The Seattle architectural firm of Bebb and Mendel designed several buildings for the Puget Mill Company, a subsidiary of the San Francisco lumber firm of Pope and Talbot. Puget Mill owned the company town of Port Gamble, and Bebb and Mendel created plans for the Hotel Puget, stables for horses and carriages and the Hotel Puget Annex, a boarding house for long-term, low-income renters. The hotel contained the town's only restuarant and tavern; as Port Gamble was a dry municipality, the tavern was the only drinking establishment in town.

Building Notes

In his essay on the history of Port Gamble, David Wilma wrote of the Puget Hotel: "The largest structure, aside from the mill was the Puget Hotel built in 1907 on the bluff overlooking Hood Canal. The hotel was intended for tourists and to house visiting company officials. An annex had rooms for single workers. The hotel was operated as a concession and fell outside the company restrictions on gambling and alcohol.
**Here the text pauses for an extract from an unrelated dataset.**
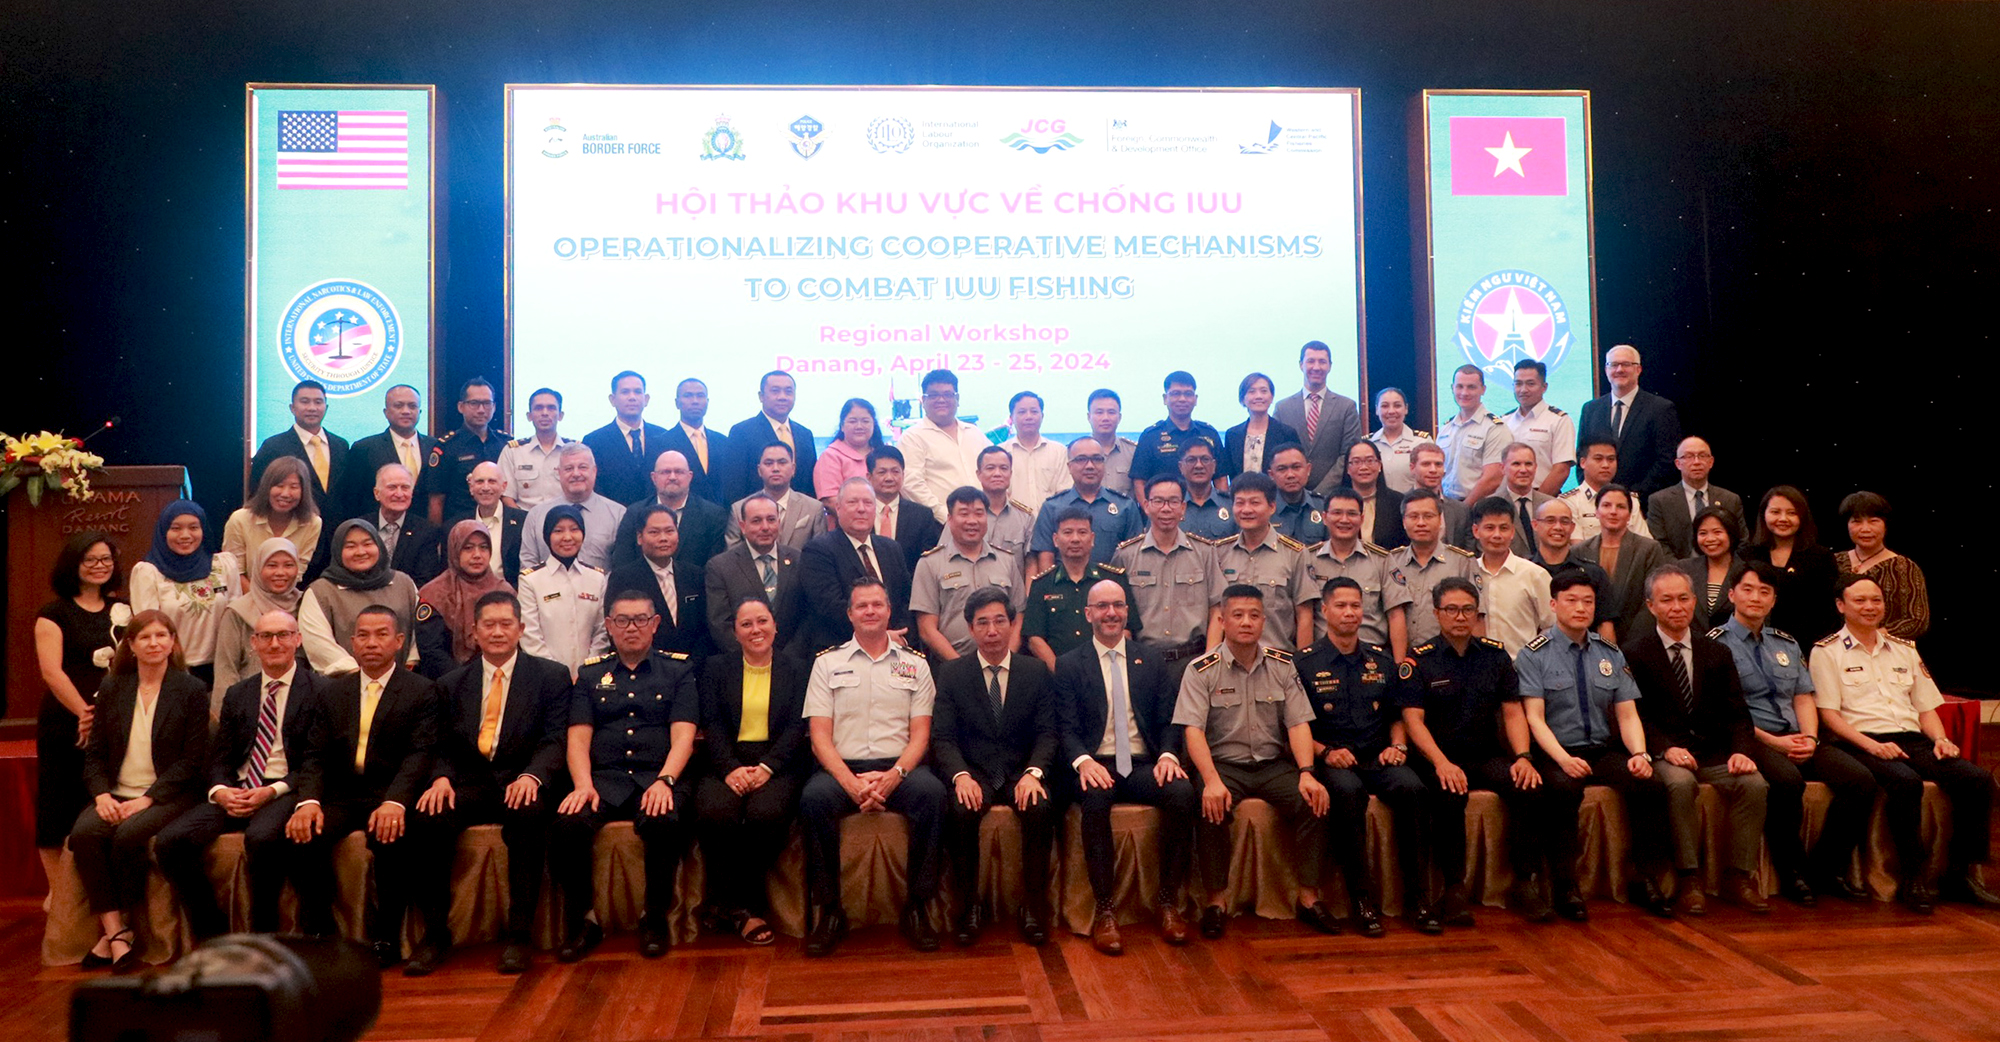 The conference is attended by more than 70 international delegates and experts in the field of fisheries law enforcement from 12 countries. Photo: VAN HOANG

As a result, the saloon and small games flourished." (See David Wilma, "Port Gamble -- Thumbnail History," HistoryLink.org, August 07, 2003,Accessed 09/04/2013.)

Demolition

The Puget Hotel sustained significant damage during the Columbus Day Storm of 10/12/1962, and closed on 12/22/1962. It was demolished soon thereafter, c. 1963. The storm was considered to have been the twentieth century's most powerful in the Pacific Northwest.